Playing Forza Horizon 4 recently, I have begun humming it to myself. I first thought nothing of it; I can’t tell you how many times that tune has injected much-needed espionage into Tesco trips, stretches of inactivity at bus stops, and even ambles to the kitchen for coffee. But this was different. As I crooned, it came to me. I wasn’t livening up dull patches – far from it – I was crowning Bond moments for what they always should have been in games: pockets of quiet splendour that sweep their way into matchless thrill. Forza Horizon 4 was doing what no game has managed: it made me feel as Bond might behind the wheel.

What’s more, it did so with full licence. The Best of Bond car pack, included in the Ultimate Edition of the game, puts ten of his most iconic cars in your garage. The car is the closest thing 007 gets to a tombstone. As the actors come and go, the cars stand parked next to one another like rows in a cemetery, inseparable from their time and their drivers. (It’s no wonder Daniel Craig, climbing into Connery’s Aston Martin DB5, in Skyfall, looked like a boxed bulldog on his way to the vet.) Piloting these machines isn’t about fold-out skis, spring-loaded machine guns, and stinger missiles lurking behind the headlights. (Though, in a stroke of genius, these are available to ogle in Forzavista mode.) It’s about what the rest of Forza Horizon 4 is about: driving, and looking good while doing it.

Cruising through Forza’s damp country in a 1986 Aston Martin V8 Vantage is the closest most of us will come to knowing how Timothy Dalton thinks – you can imagine his crisp features creased with concern as you demolish a dry stone wall. Unlike any other Bond, Dalton’s pain wouldn’t be for the paint on the car; it would be for the farmer left picking up the pieces. As neurotic as it seems, I drove more carefully in the Vantage.
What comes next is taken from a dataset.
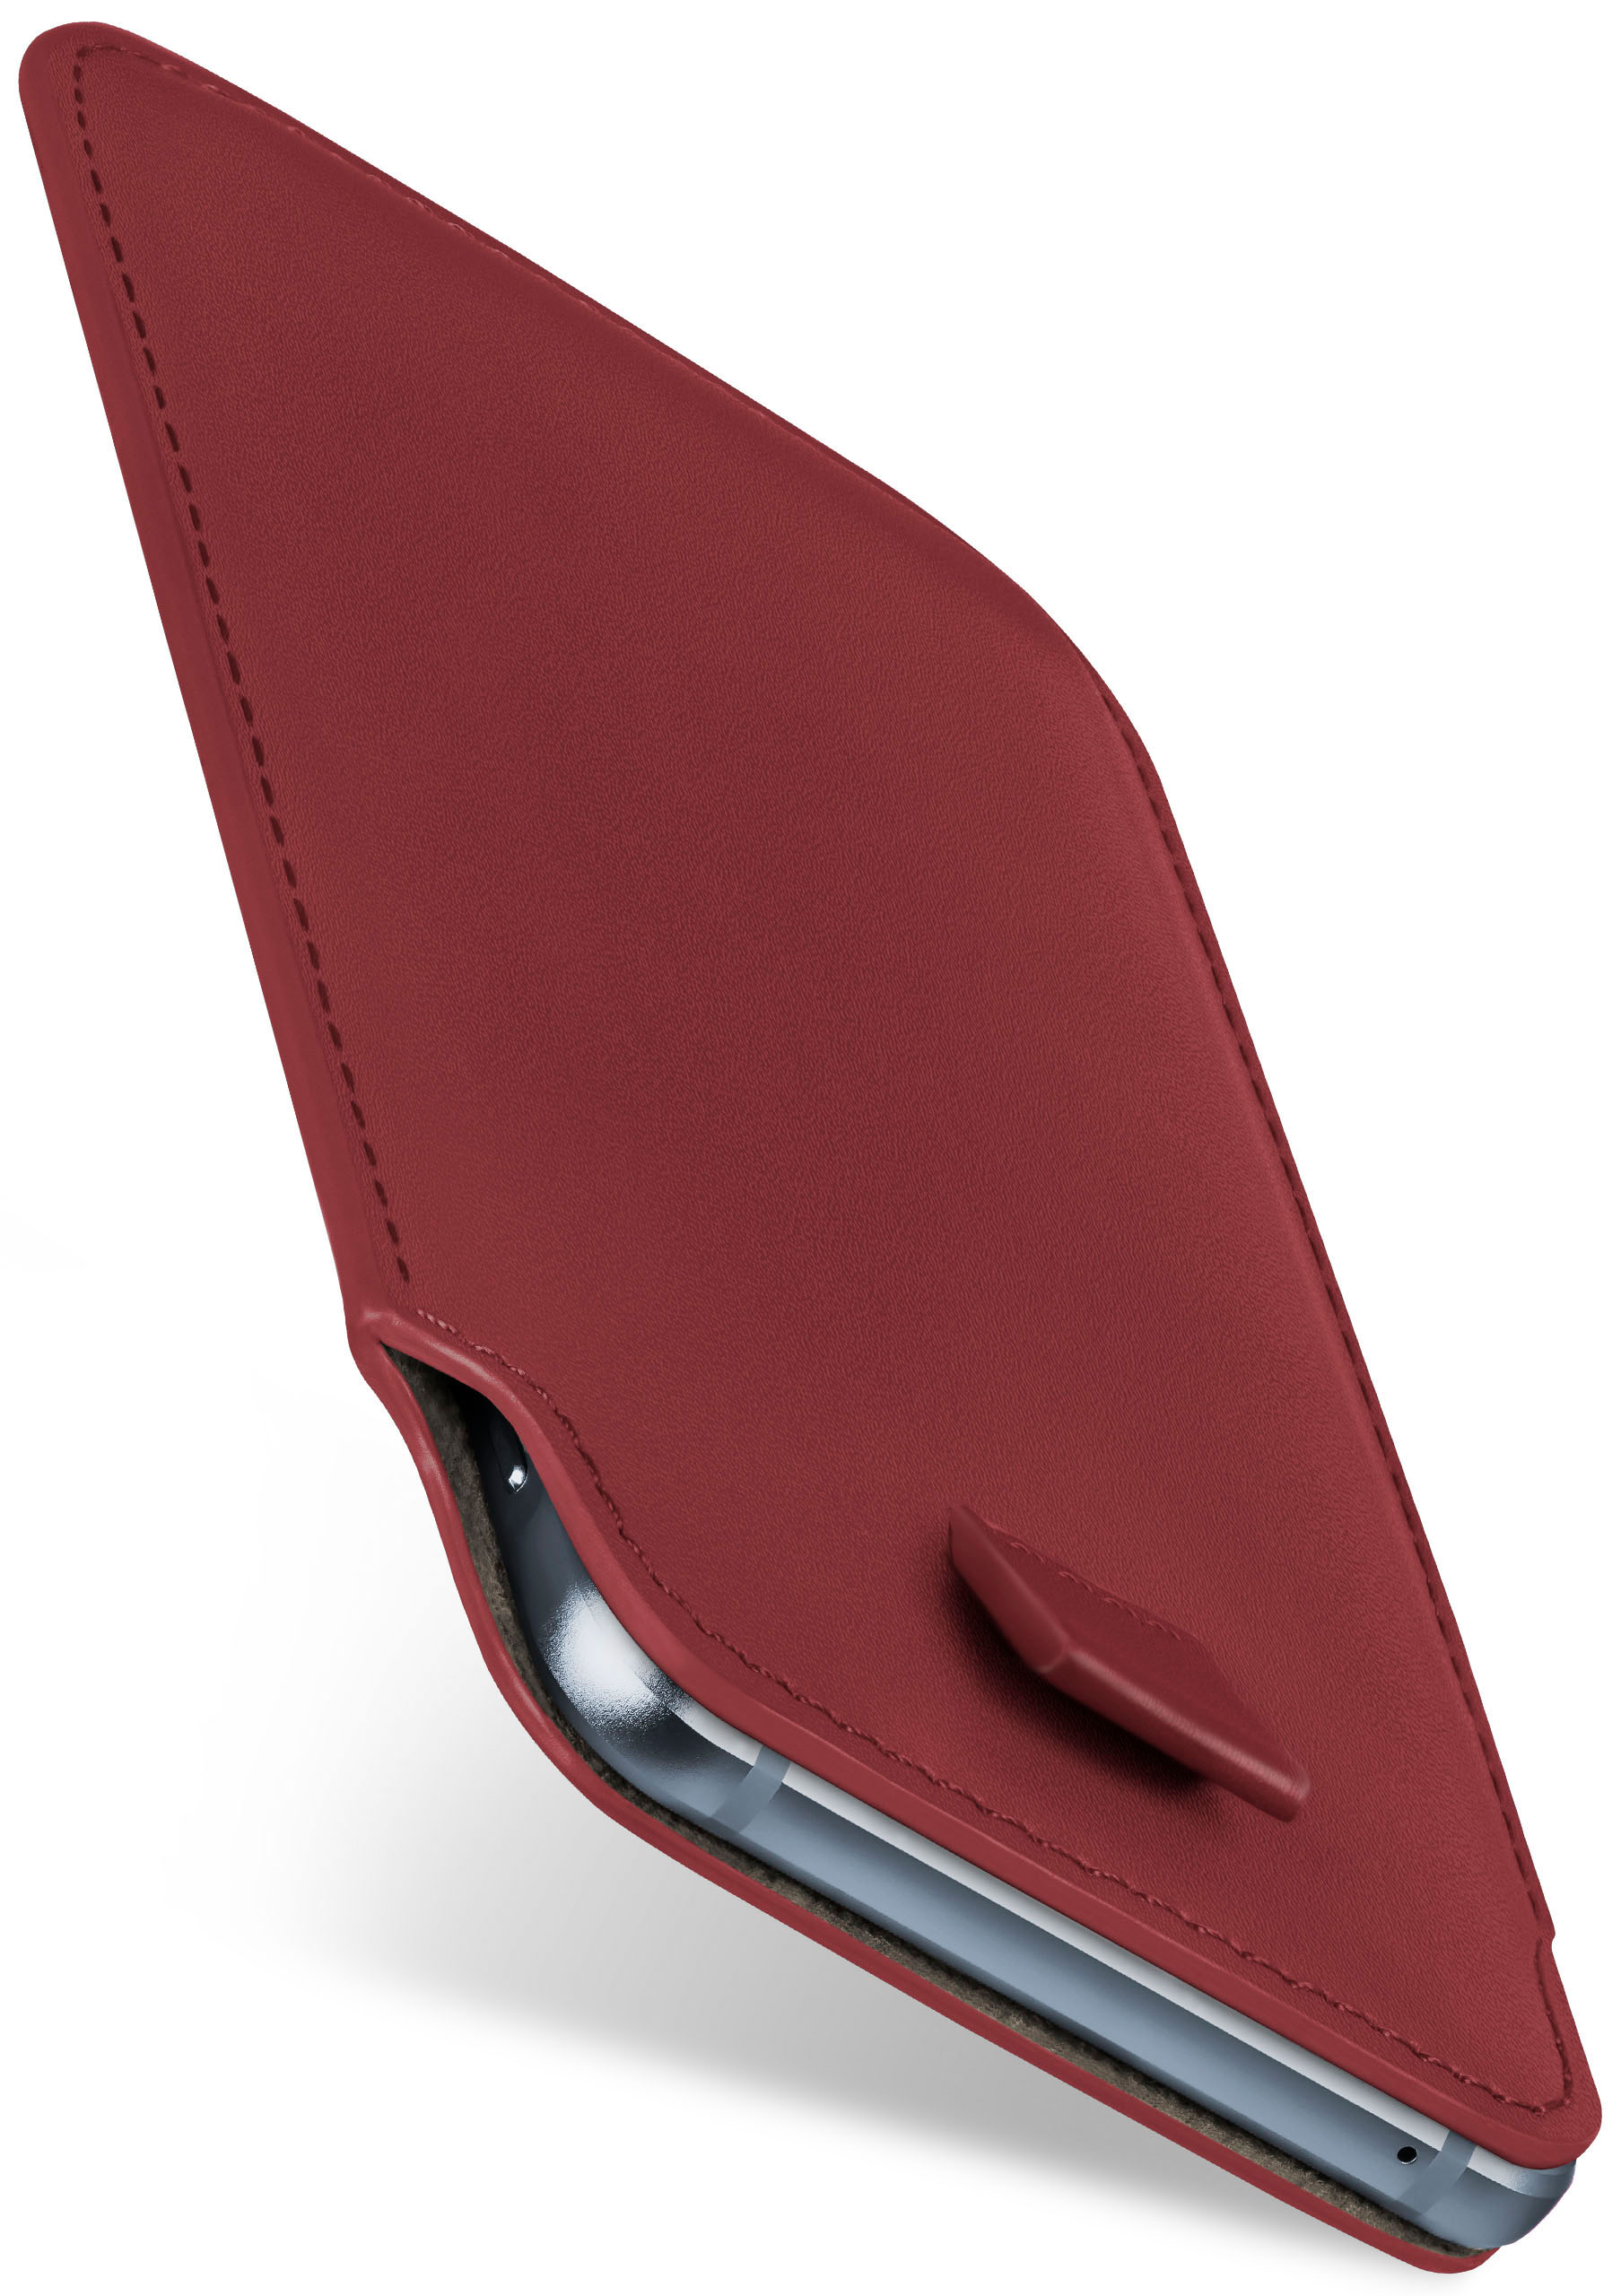 iPhone Full Apple, Cover, Pro, 12 12 / Case, Maroon-Red Slide MOEX
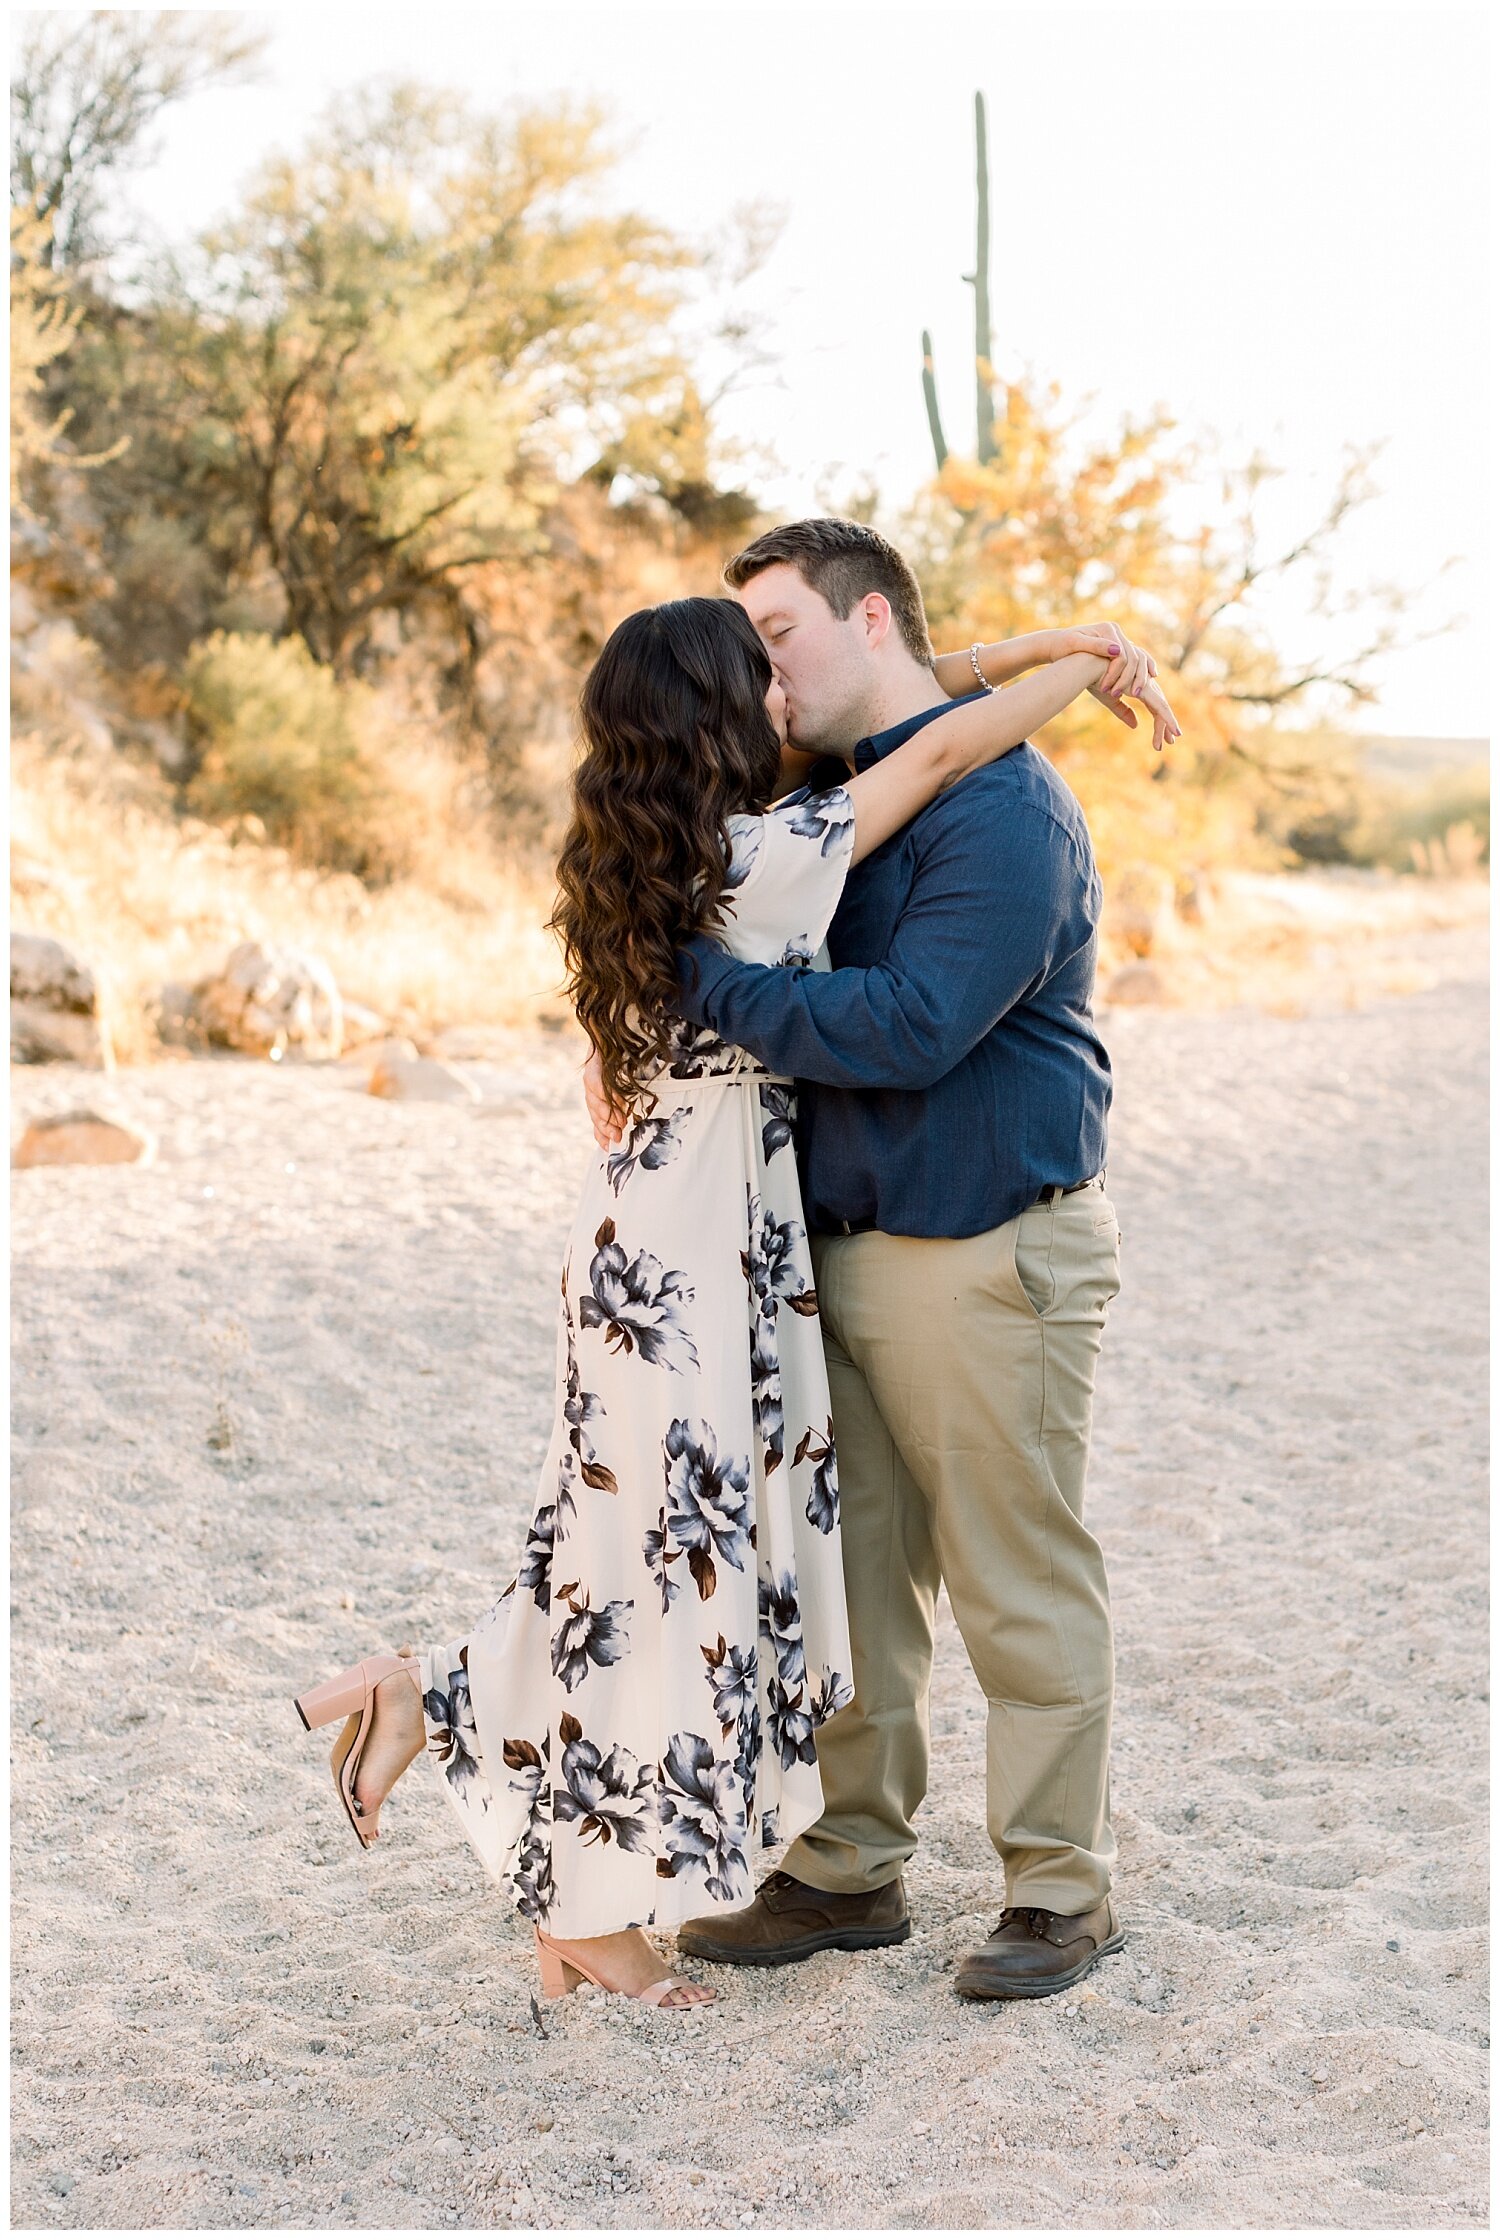 Blue and Ivory dress to wear to desert engagement session.

Brosnan, on the other hand, considered a car the way you might a pair of spang new boots – looking forward to it being broken in with bullet holes and rollered with mud. As such, I found myself using the 1999 BMW Z8 for green laning, carving the hillsides into an earthy carcass, looking for barn finds and herding sheep. It’s a far cry from what it was subjected to in The World is Not Enough, in which it gets chewed in two by a rack of buzzsaws.

When it came to the 1977 Lotus Espirit, it felt as if I had gone to another planet: one in which Roger Moore’s avenue-wide lapels were acceptable, in which the imagination flares like his trousers, and each screeching drift is described by the arch of his eyebrow. The Espirit feels riven from the road, fording rivers with a flush of white water. You feel as if you could drive it on Saturn’s rings.

Which isn’t to suggest, for a second, that any of these machines require anything but the most leisurely of hands at the wheel. Indeed, the satisfaction arises because you are undogged by the obstinate objective marker; without an MI6 boffin barking orders in your ear; and free of infernal henchman, who tail you and hail you with gunfire. By all means, go off-road; cut, like a sluice, through a stream; indulge your sweet tooth with the odd popcorn manoeuvre. But feel free to do none of the above. The best fun is to roleplay a secret agent on a Sunday drive, while humming a familiar tune.